§ Problem to work on:
All the data below goes into the copy word for word, but the pictures don't.

§ Provided data:
# # # # #

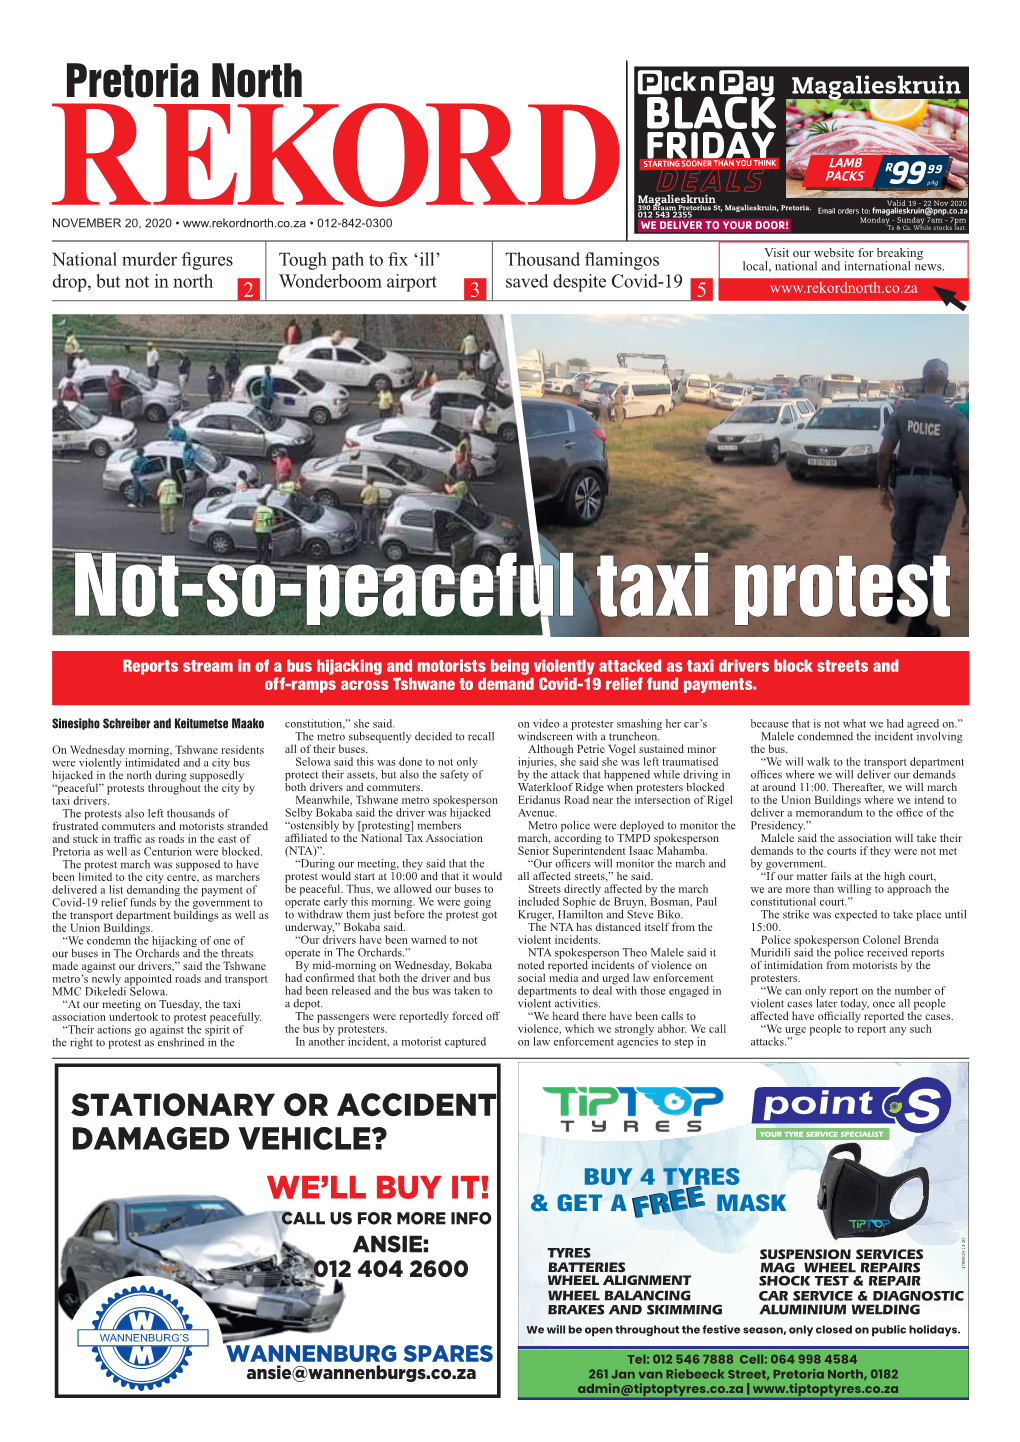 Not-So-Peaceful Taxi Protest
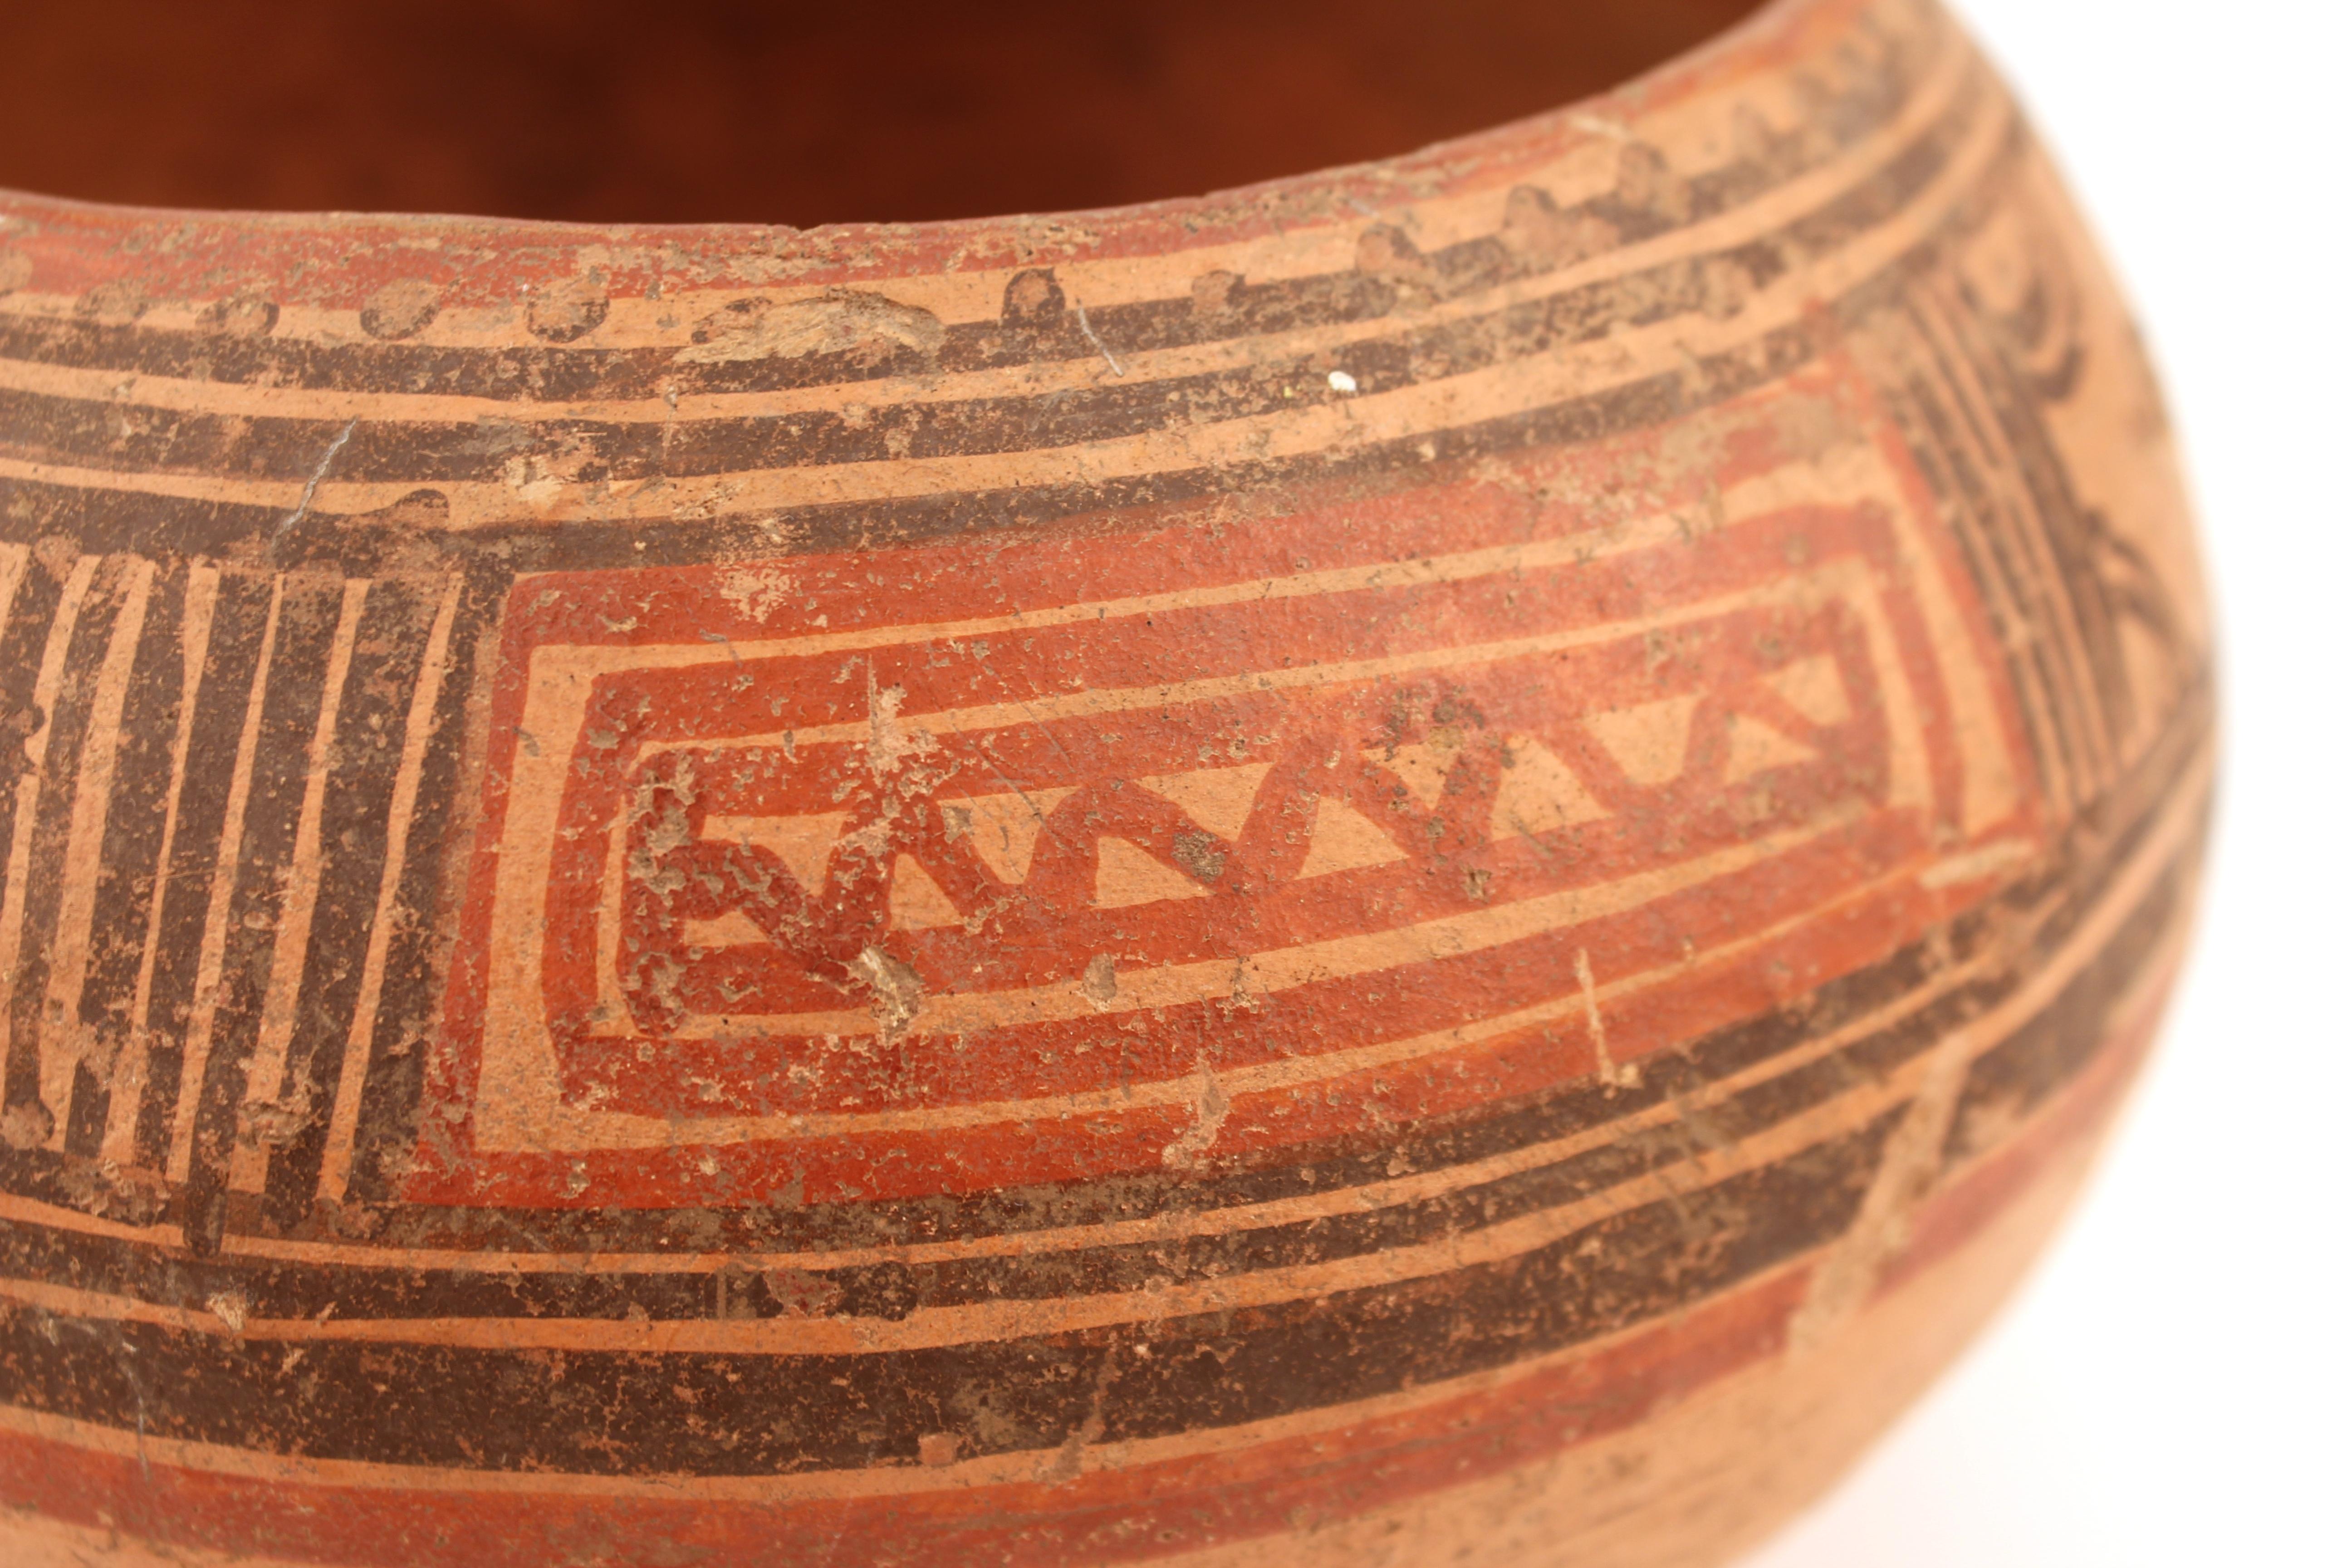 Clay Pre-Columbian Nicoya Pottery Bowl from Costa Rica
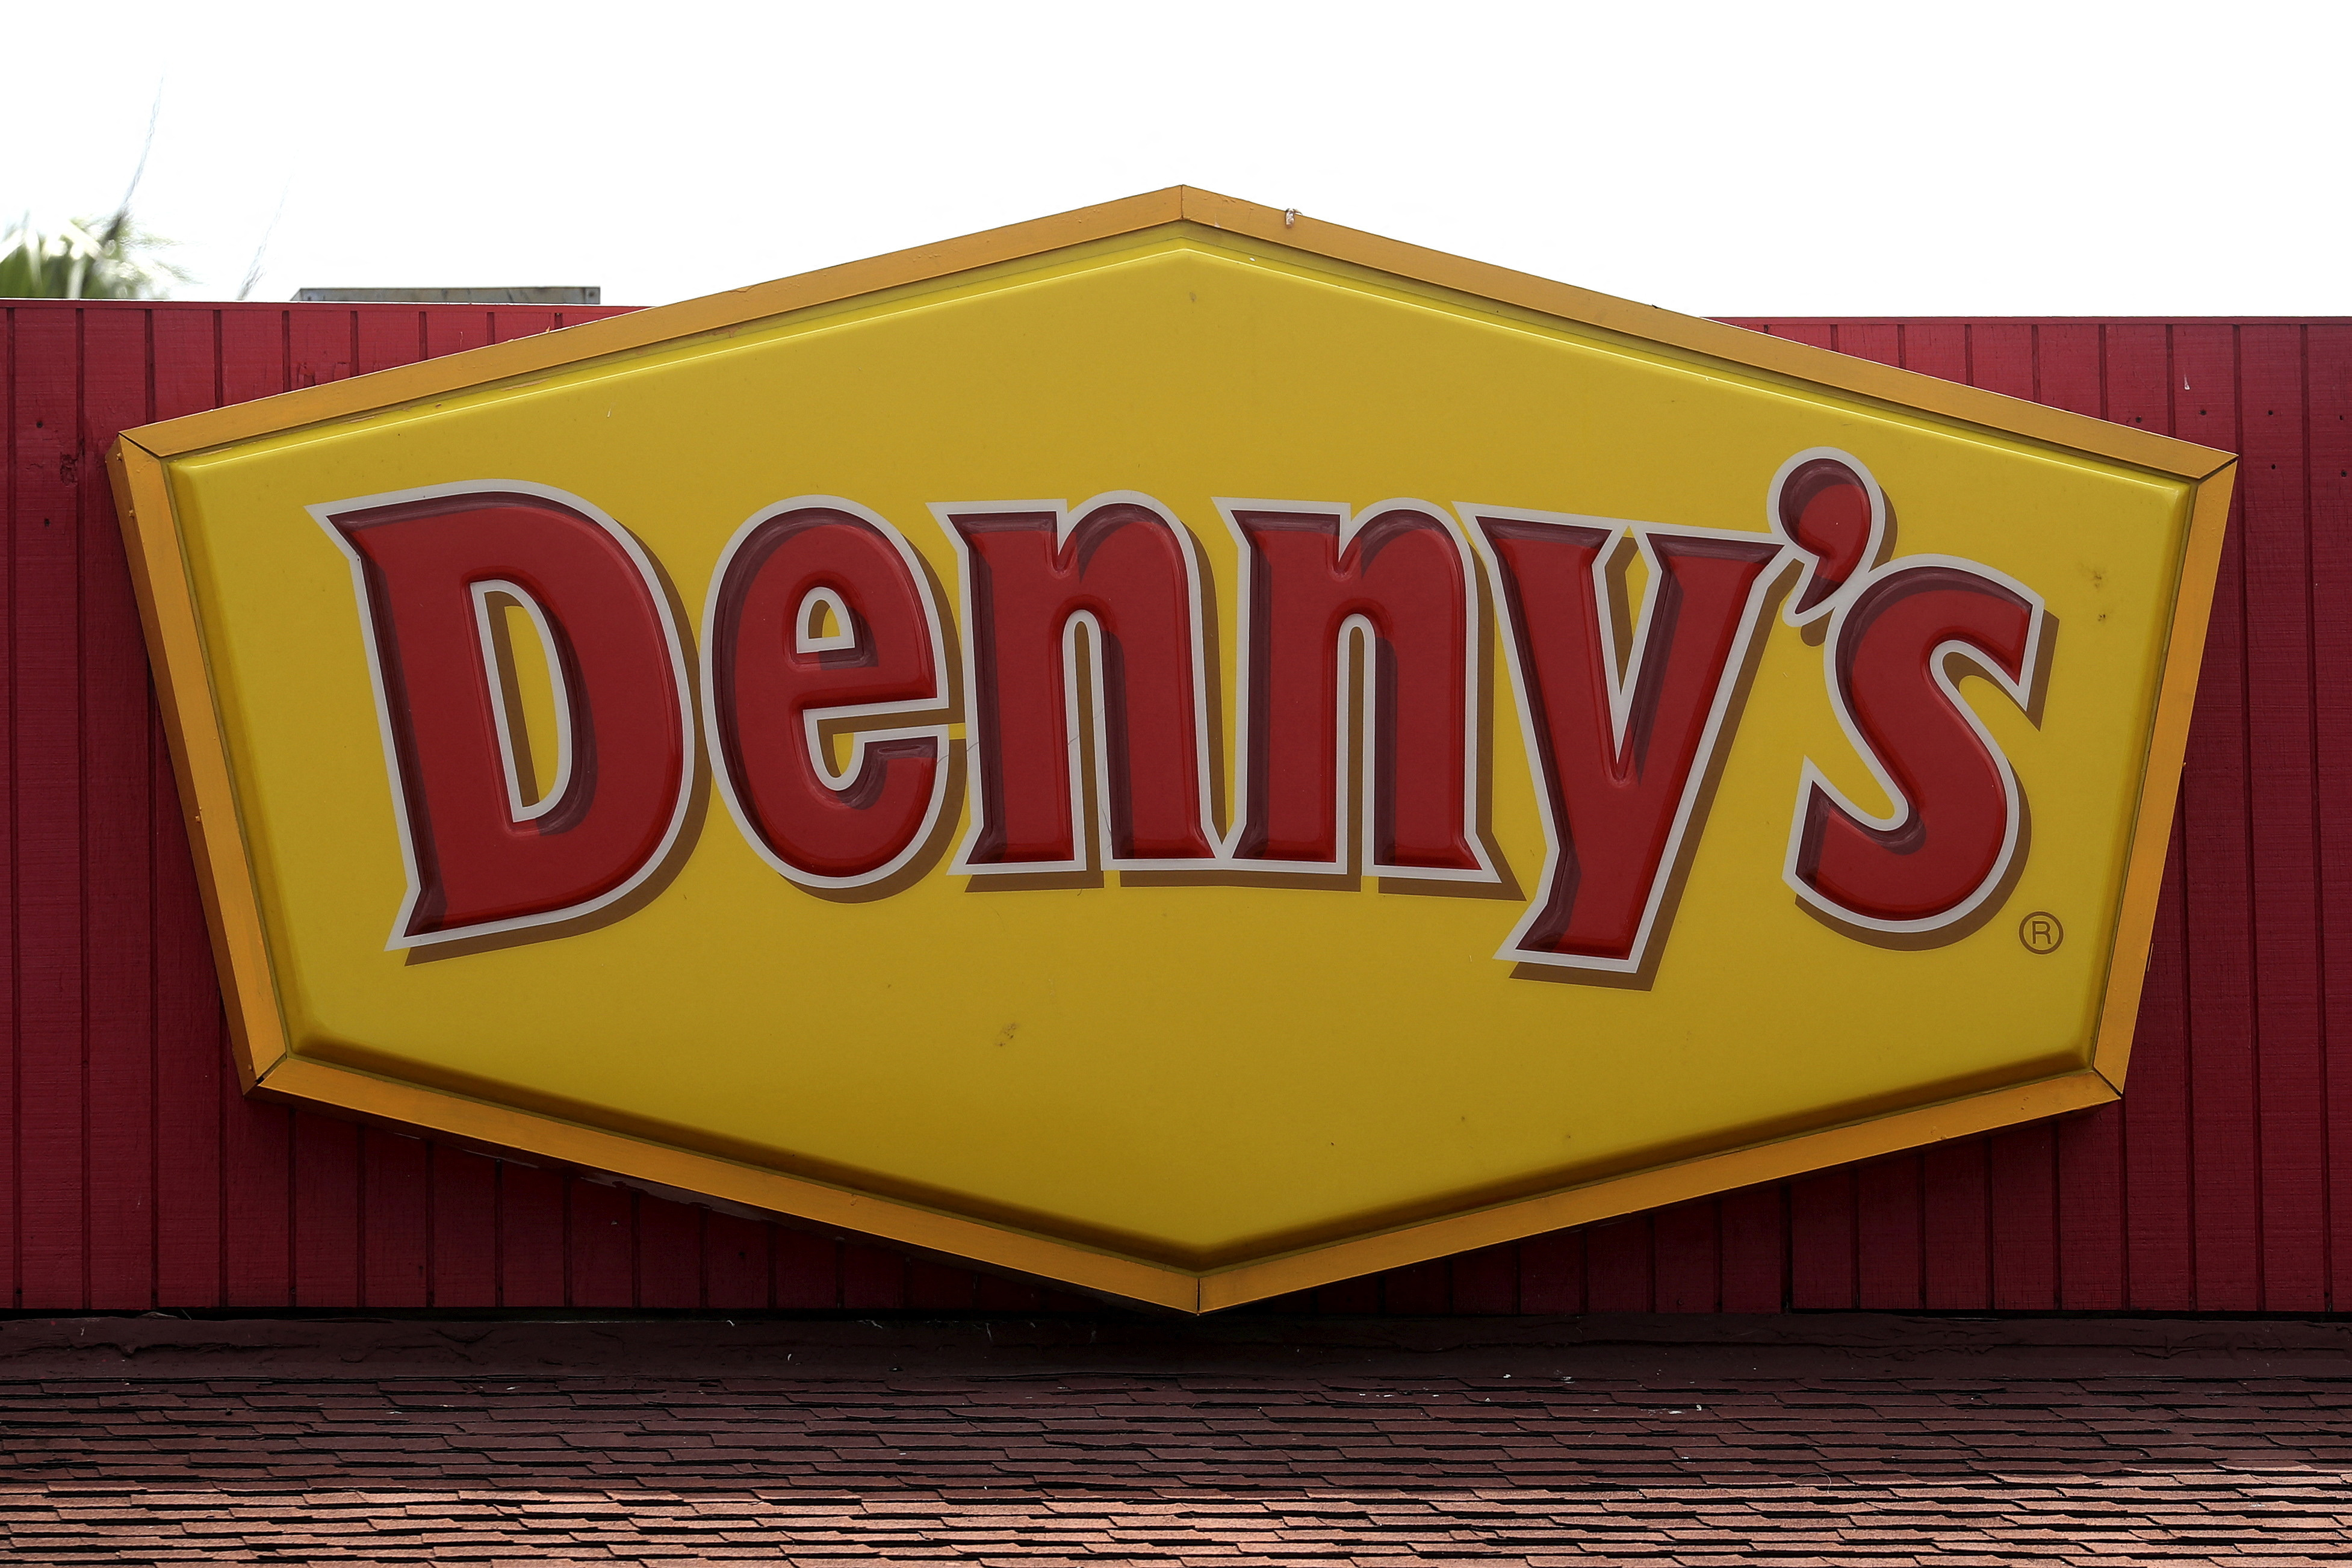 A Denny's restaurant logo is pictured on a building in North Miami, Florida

# # # # #

§ Output of the task:
 Not-So-Peaceful Taxi Protest
 Clay Pre-Columbian Nicoya Pottery Bowl from Costa Rica
 A Denny's restaurant logo is pictured on a building in North Miami, Florida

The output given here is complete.